Mountain Lions Intentionally Released (Oklahoma)

http://www.newsok.com/mountain-of-a-tale/article/3430931

The Oklahoman [Oklahoma, OK]
10 January 2010

Belief that mountain lions are released into woods to kill deer doesn't make sense

By Ed Godfrey
The Oklahoman

Where did this rumor get started that the Oklahoma Department of Wildlife Conservation intentionally releases mountain lions to roam free in the state to control the deer population? [...]

http://www.newsok.com/article/3429730?searched=mountain%20lion&custom_click=search
The Oklahoman [Oklahoma City, OK]
5 January 2010
Trail camera near Atoka snaps a mountain lion
BY ED GODFREY

[Two reader comments.]

[...] When I was a kid there were the rumors that a circus train had derailed somewhere here in SW OK and that some big cats had escaped [including a black panther] and that they had eventualy breeded with the native wild cats.
David, Altus - Jan 6, 2010 at 3:27 am

[...] I have heard a story for years that a "circus train" crashed between Shawnee and Seminole and all the cats got loose and set up housekeeping out there. Not believeable, but an interesting story nonetheless. [...]
Paula, yukon 73099 - Jan 5, 2010 at 11:57 am

Saturday, December 26, 2009

Pumas Secretly Introduced to Pennsylvania

Fortean Times #257 (January 2010), p. 73.

Letters

Pennsylvania pumas

[Tamy Kay Thompson of Newport News, Virginia, writes that the Pennsylvania Game Commission once tried to cut down the deer population by secretly introducing pumas outfitted with tracking device collars.

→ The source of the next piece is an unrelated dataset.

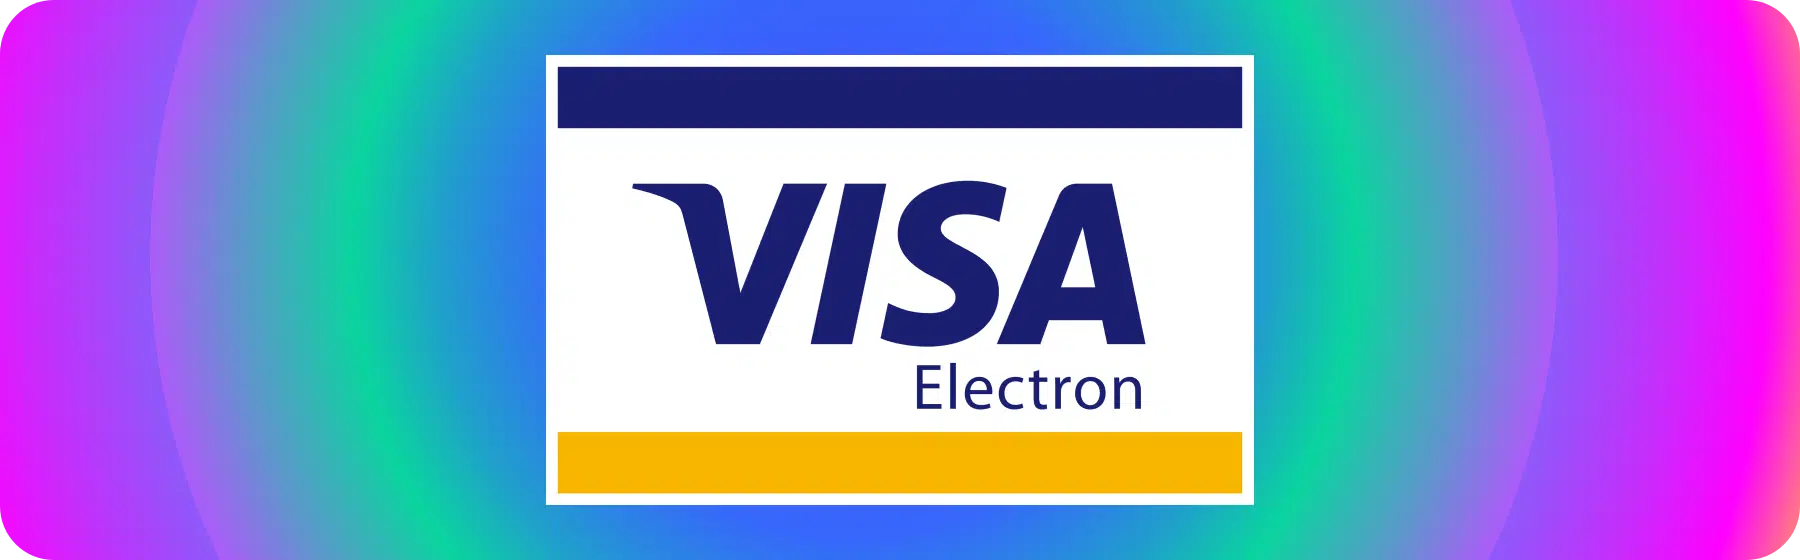 logo for visa electron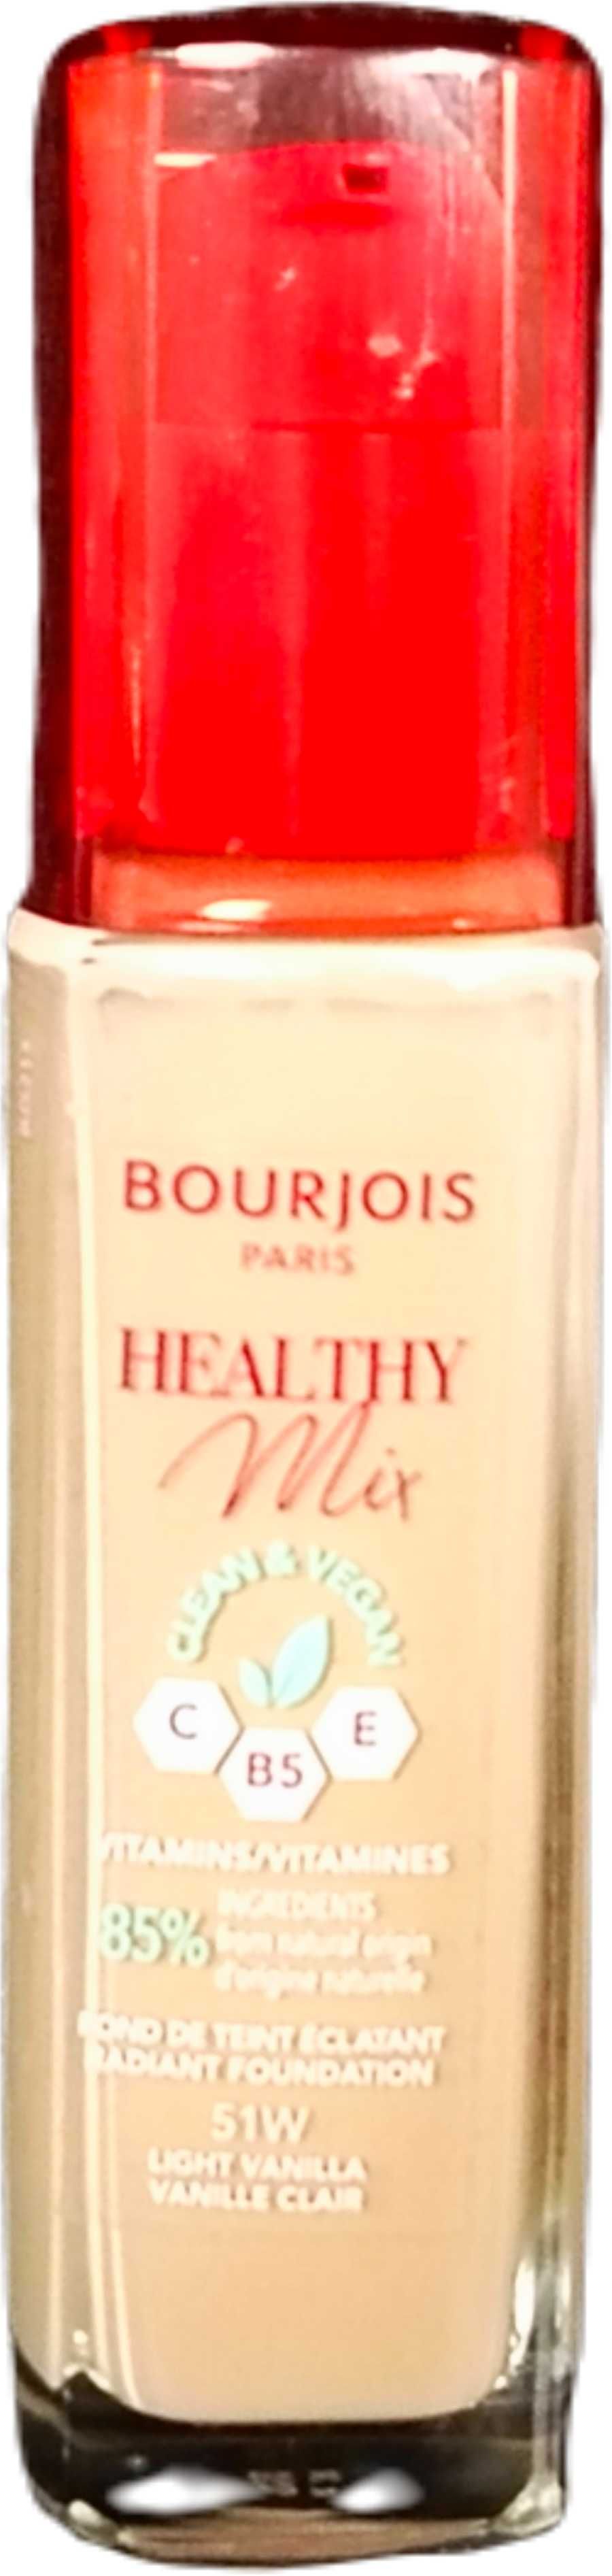 Podkład Bourjois Healthy Mix 51.2WWitamy serdecznie,

Although the cats were probably responsible for the subsequent spate of missing pets and livestock, authorities denied that any pumas were in the area. -- bc]

A short while later, a farmer shot and killed a puma as it prepared to maul his cattle. He removed its tracking device and buried the carcass under his manure pit. The next day, officials with the Game Commission showed up on his porch, demanding to know where the puma was located. The famer looked them straight in the eye and used their own words against them, "There aren't any pumas around here."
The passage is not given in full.